Each project can defined its own set of variable controlling the generation of the ninja file of Makefile.

$ ../nstools/bin/nsconfig .. -list-vars
Project variables list:
name           | description
---------------|---------------------------------------------------------
simd           | SIMD extension to use
optional_flags | Optional flags like FMA, FP16...
mpfr           | MPFR compilation flags (for tests only)
sleef          | Sleef compilation flags (for benchmarks only)
benchmark      | Google benchmark compilation flags (for benchmarks only)

Finally one can choose what to do and compile NSIMD and its tests.

$ ../nstools/bin/nsconfig .. -Dsimd=avx2
$ ninja
$ ninja tests

Note that MPFR (https://www.mpfr.org/) is needed to compile the tests. If you do not have the MPFR header installed on your system or if you want to use a custom version of MPFR you can tell nsconfig how where to find it.

$ ../nstools/bin/nsconfig .. -Dsimd=avx2 \
      -Dmpfr="-Iwhere/is/mpfr/include -Lwhere/is/mpfr/lib -lmpfr"
$ ninja
$ ninja tests

Nsconfig comes with nstest a small tool to execute tests.
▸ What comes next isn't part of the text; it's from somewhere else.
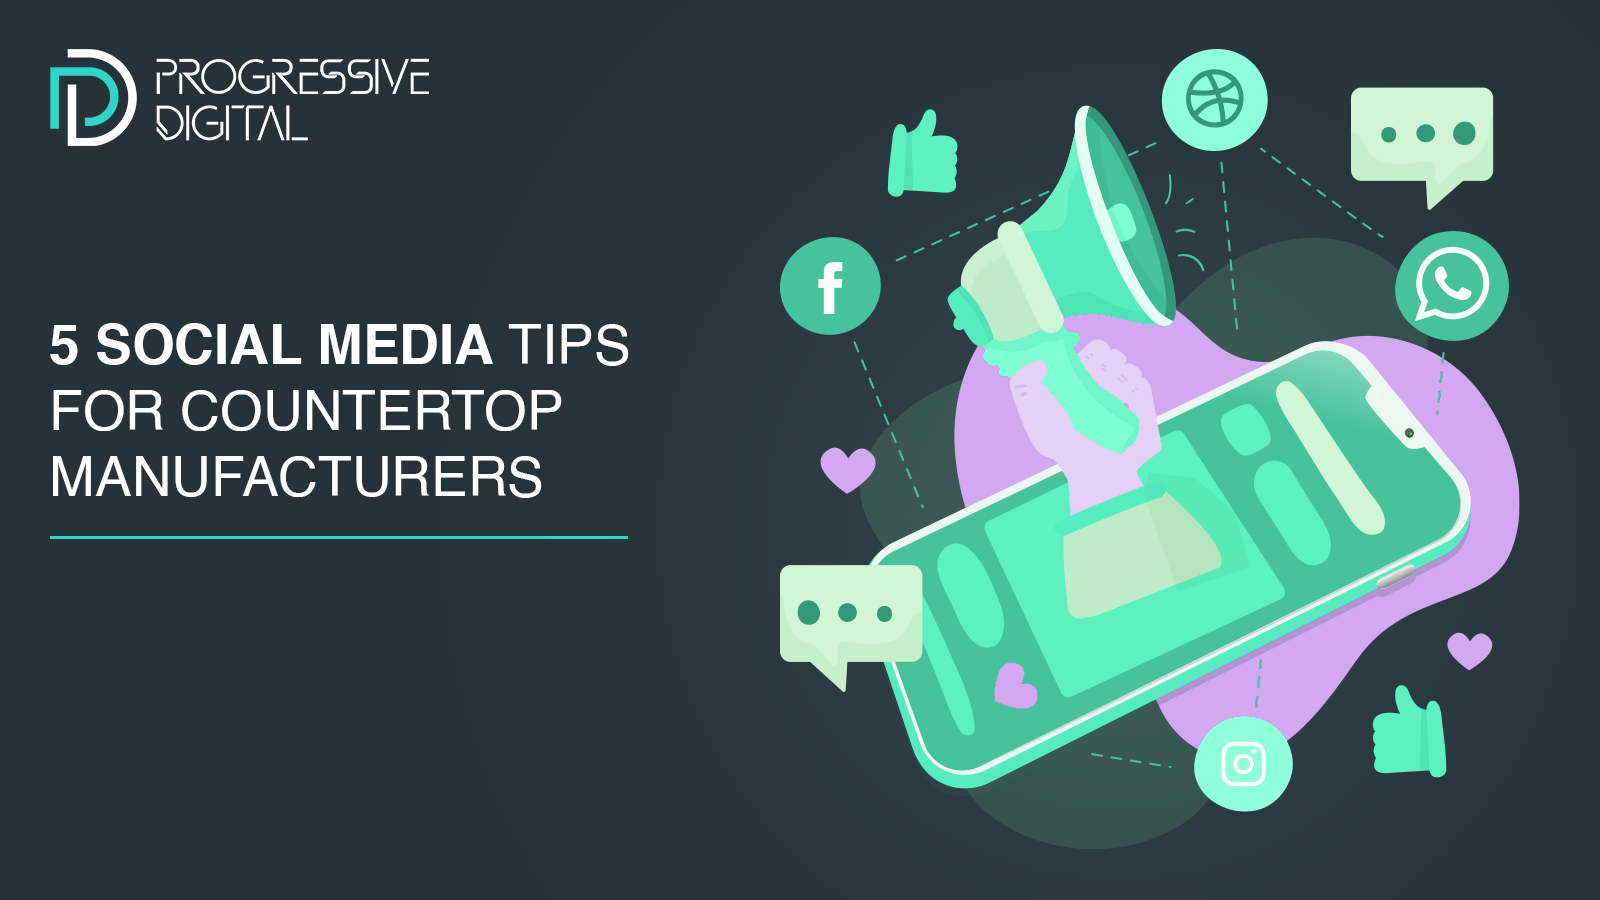 5 Social Media Tips for Countertop Manufacturers

$ ../nstools/bin/nstest -j20

Cross compilation

It is useful to cross-compile for example when you are on a Intel workstation and want to compile for a Raspberry Pi. Nsconfig generate some code, compile and run it to obtain informations on the C or C++ compilers. When cross compiling, unless you configured your Linux box with binfmt_misc to tranparently execute aarch64 binaries on a x86_64 host you need to give nsconfig all the informations about the compilers so that it does not need to run aarch64 code on x86_64 host.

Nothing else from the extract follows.